• [What to produce]
Would you transcribe the listing that follows, character for character, and omit its images?
━━━━━ Data block
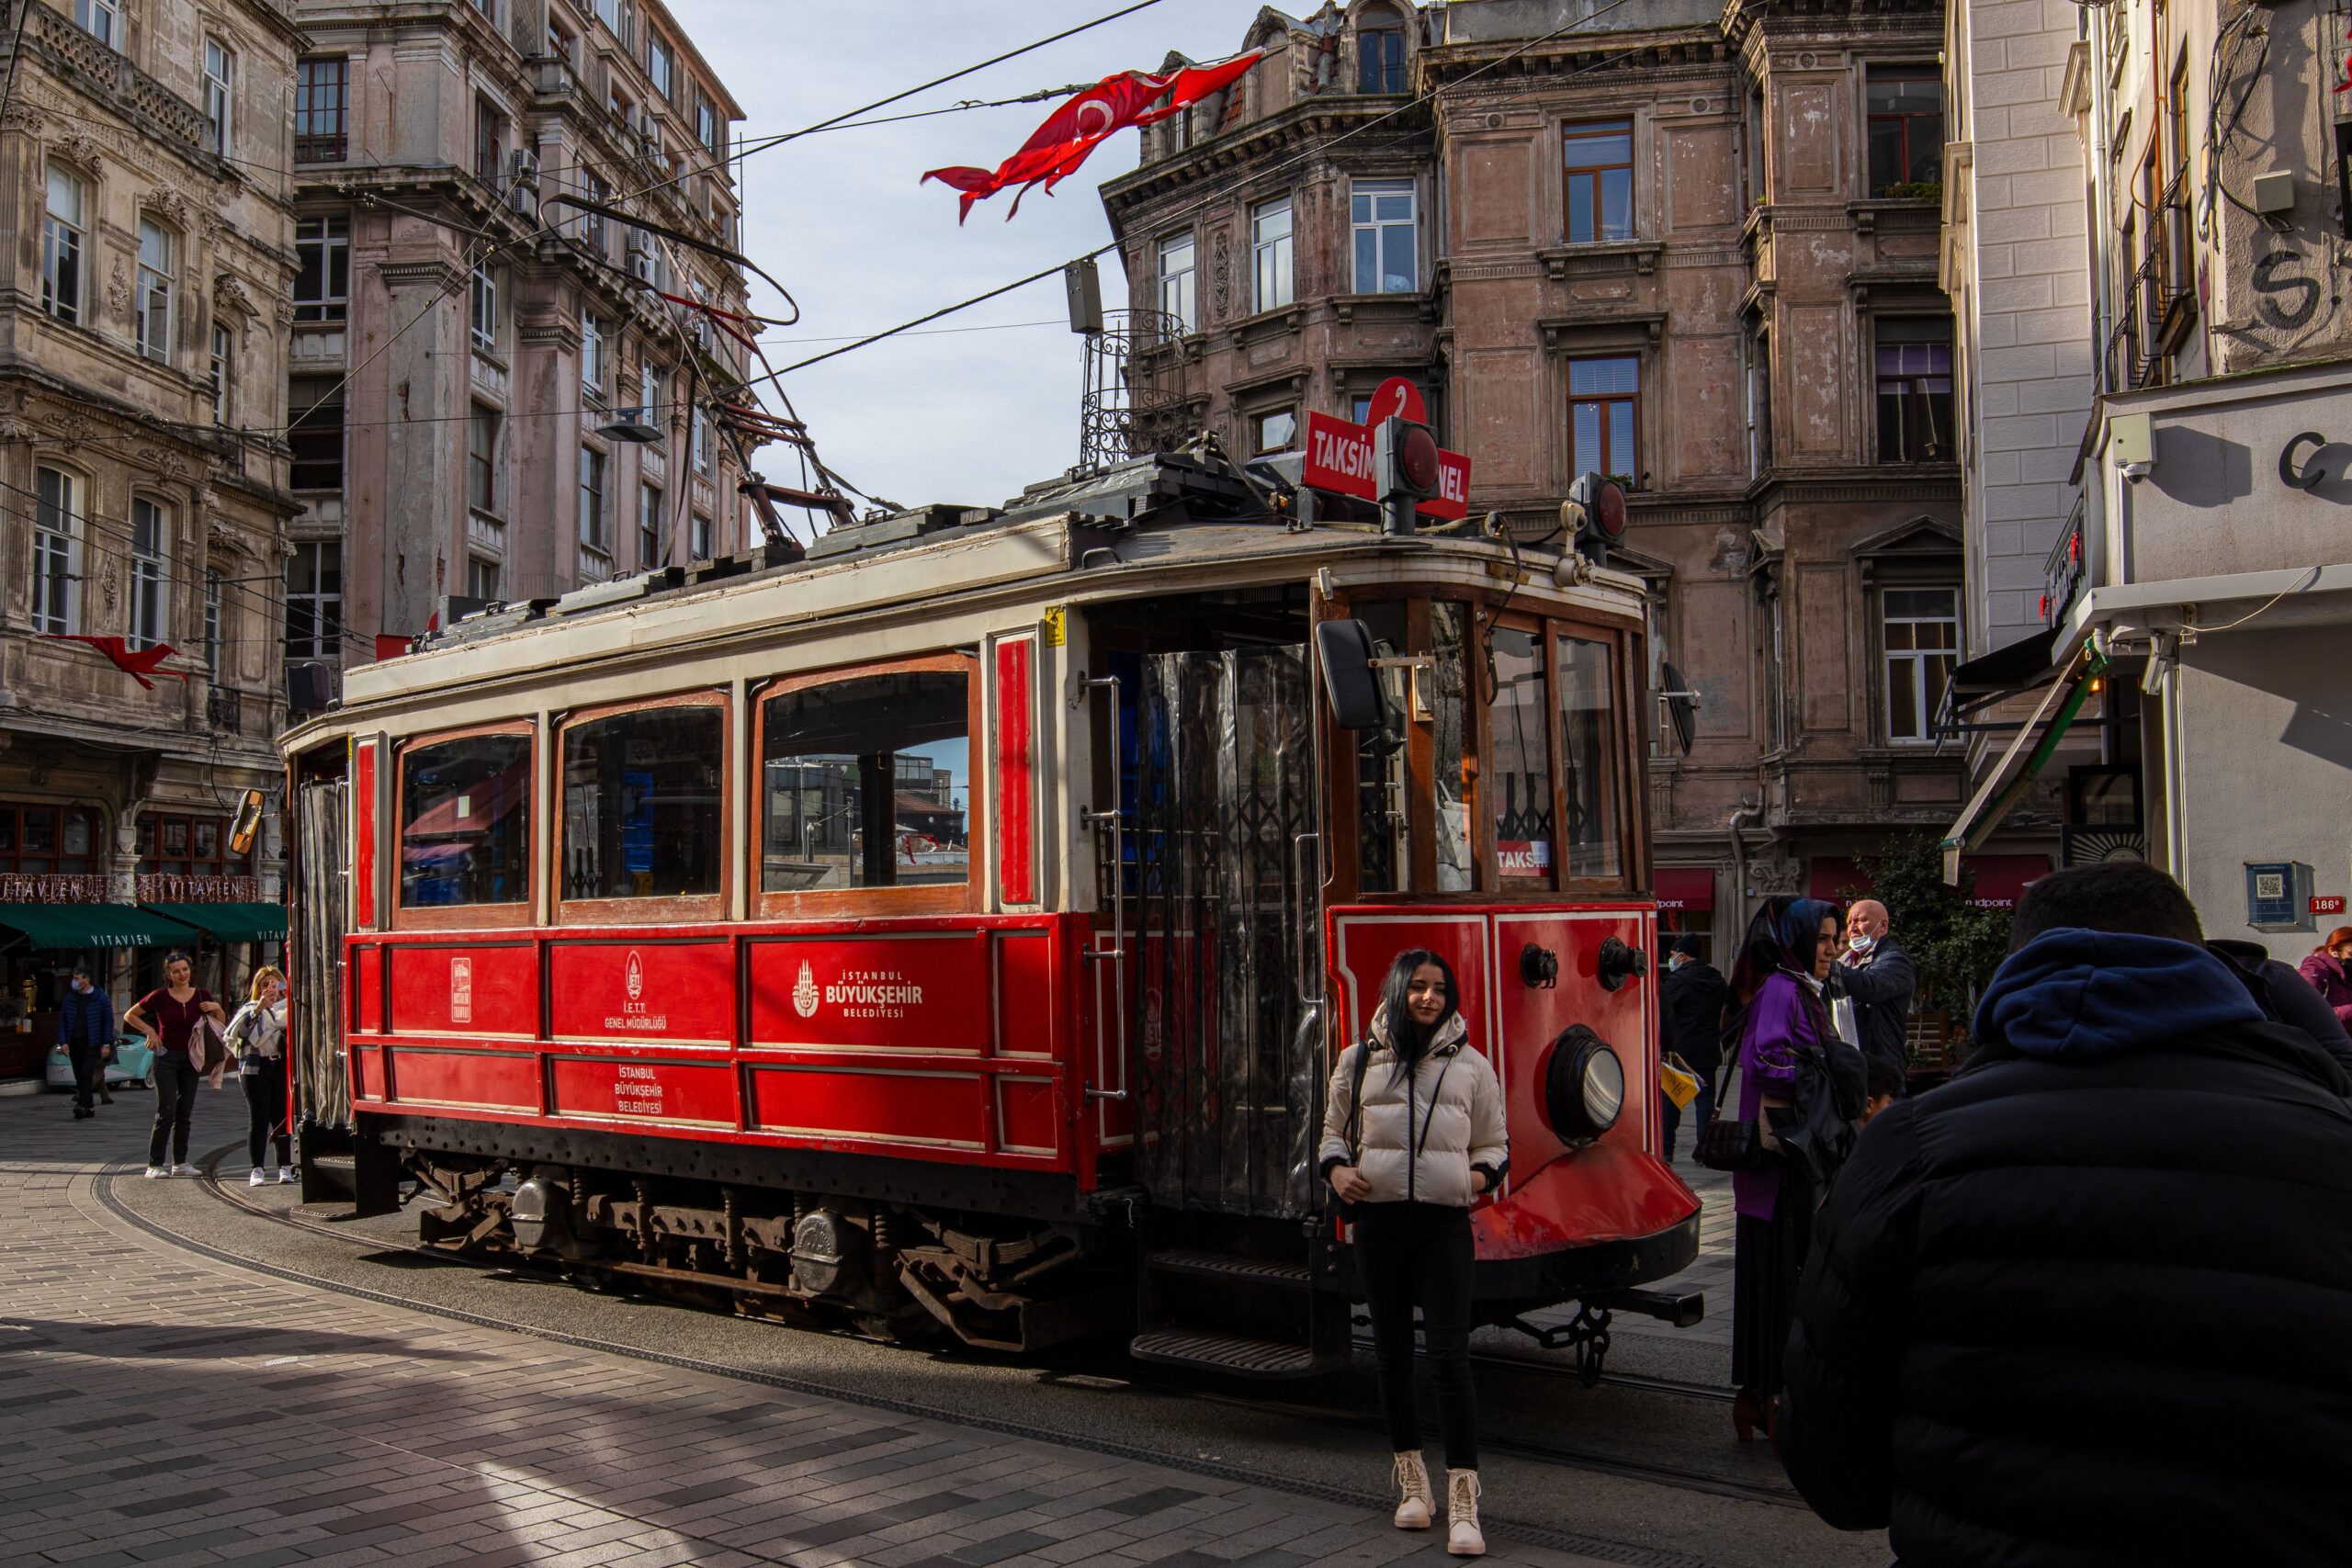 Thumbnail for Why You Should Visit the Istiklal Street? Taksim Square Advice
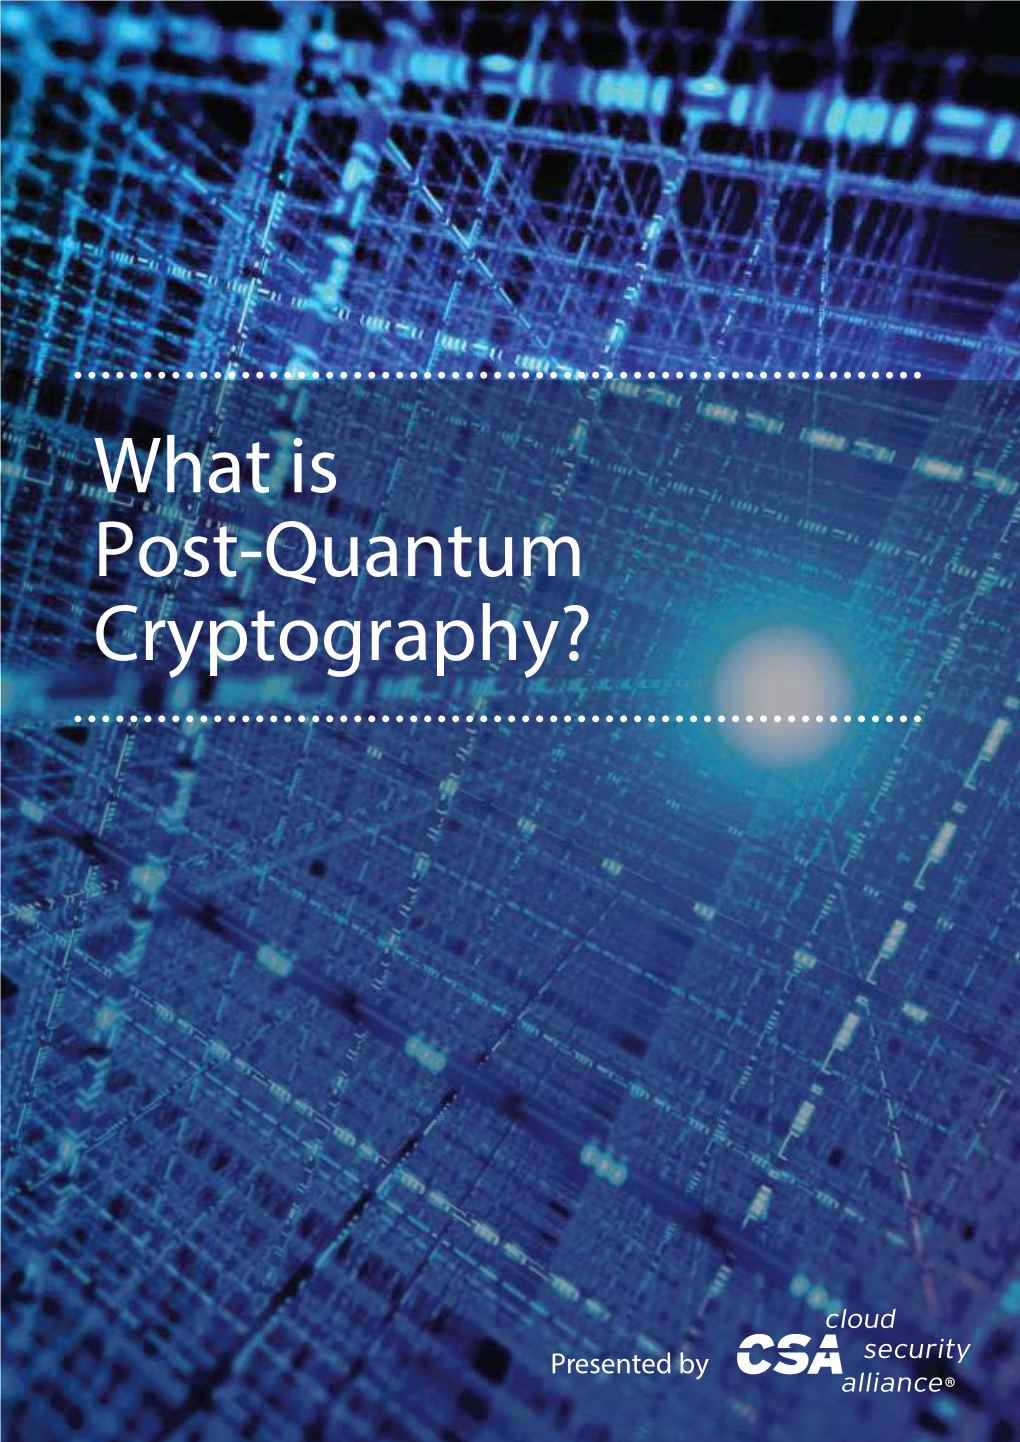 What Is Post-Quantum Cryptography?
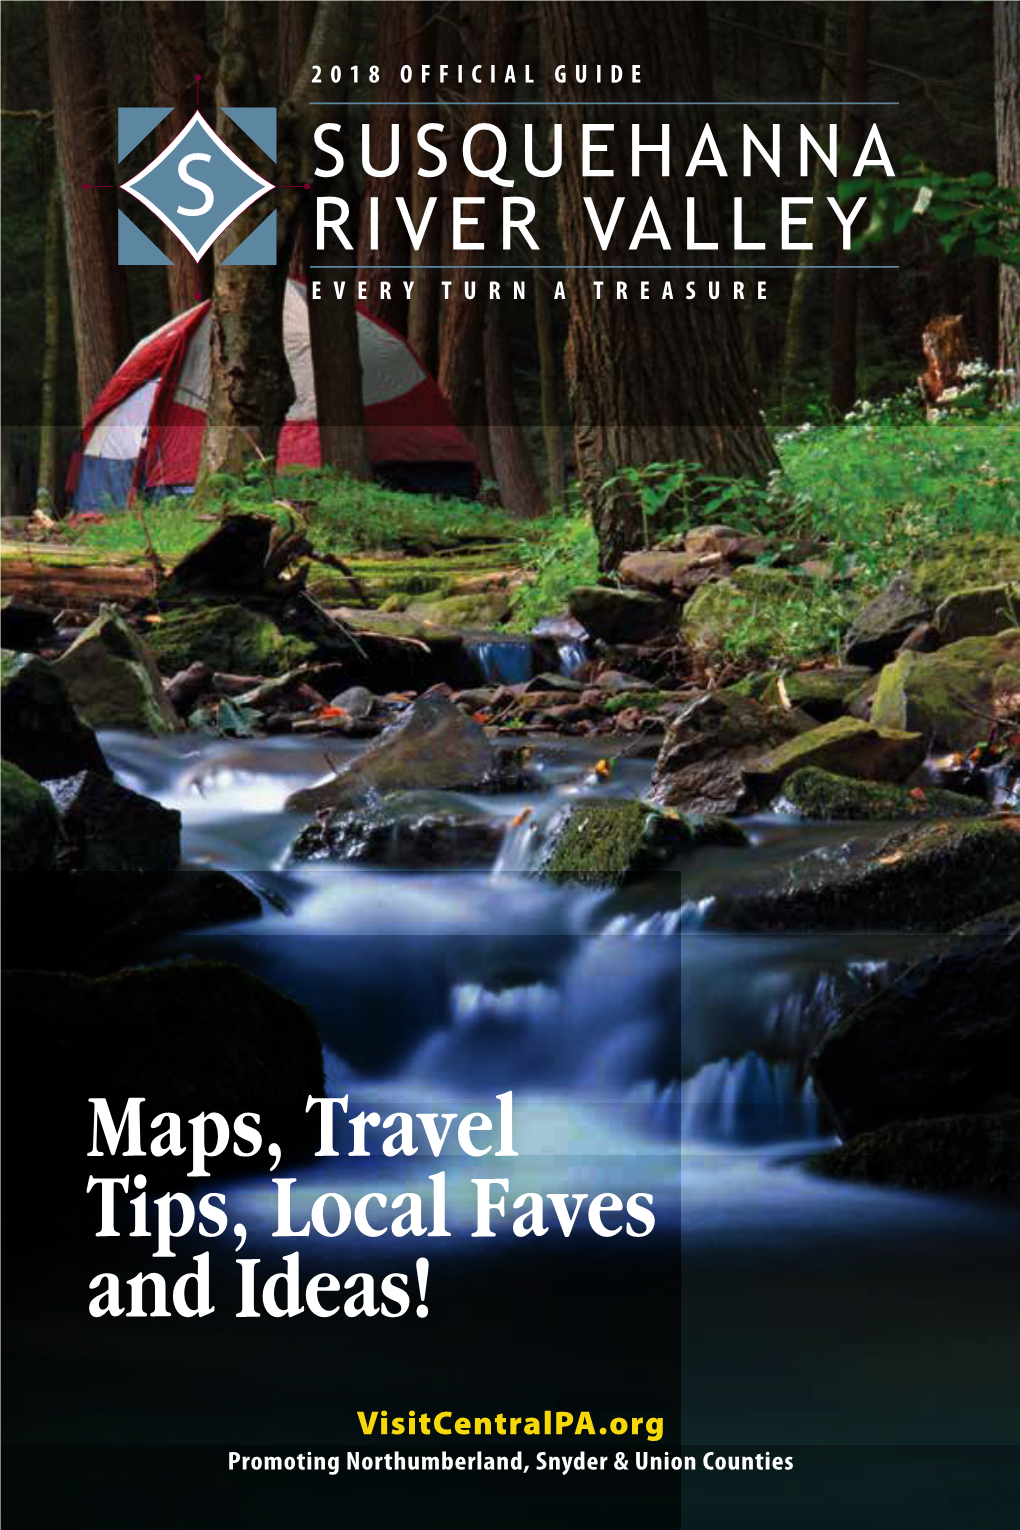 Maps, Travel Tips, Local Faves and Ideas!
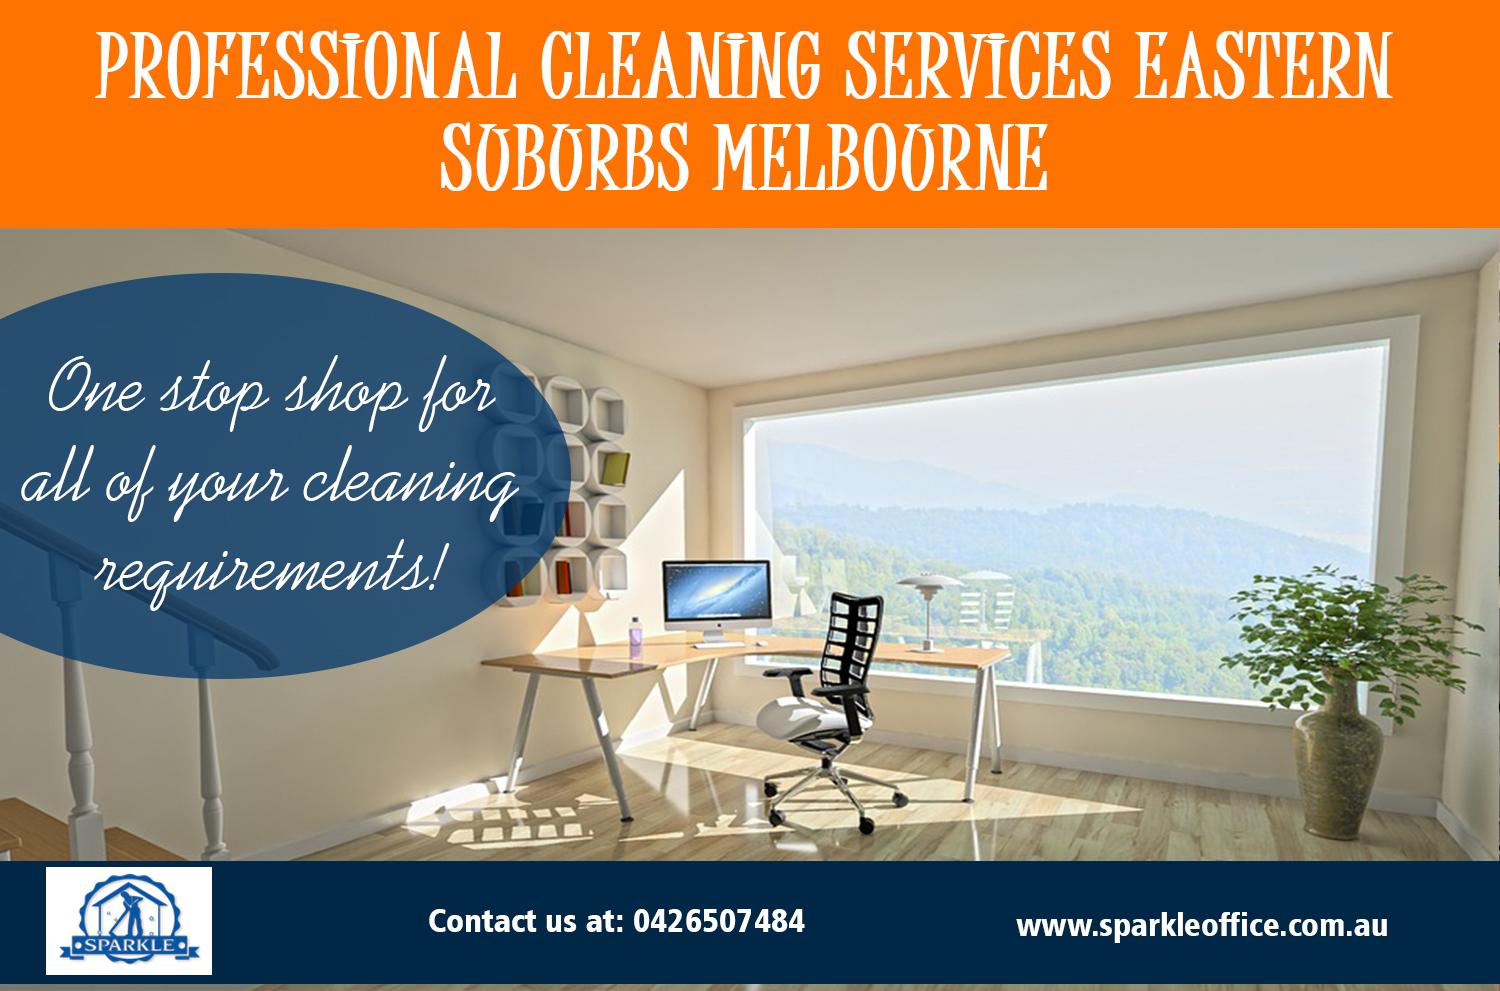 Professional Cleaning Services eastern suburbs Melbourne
━━━━━━━━━━
• [Reply]
 Thumbnail for Why You Should Visit the Istiklal Street? Taksim Square Advice
 What Is Post-Quantum Cryptography?
 Maps, Travel Tips, Local Faves and Ideas!
 Professional Cleaning Services eastern suburbs Melbourne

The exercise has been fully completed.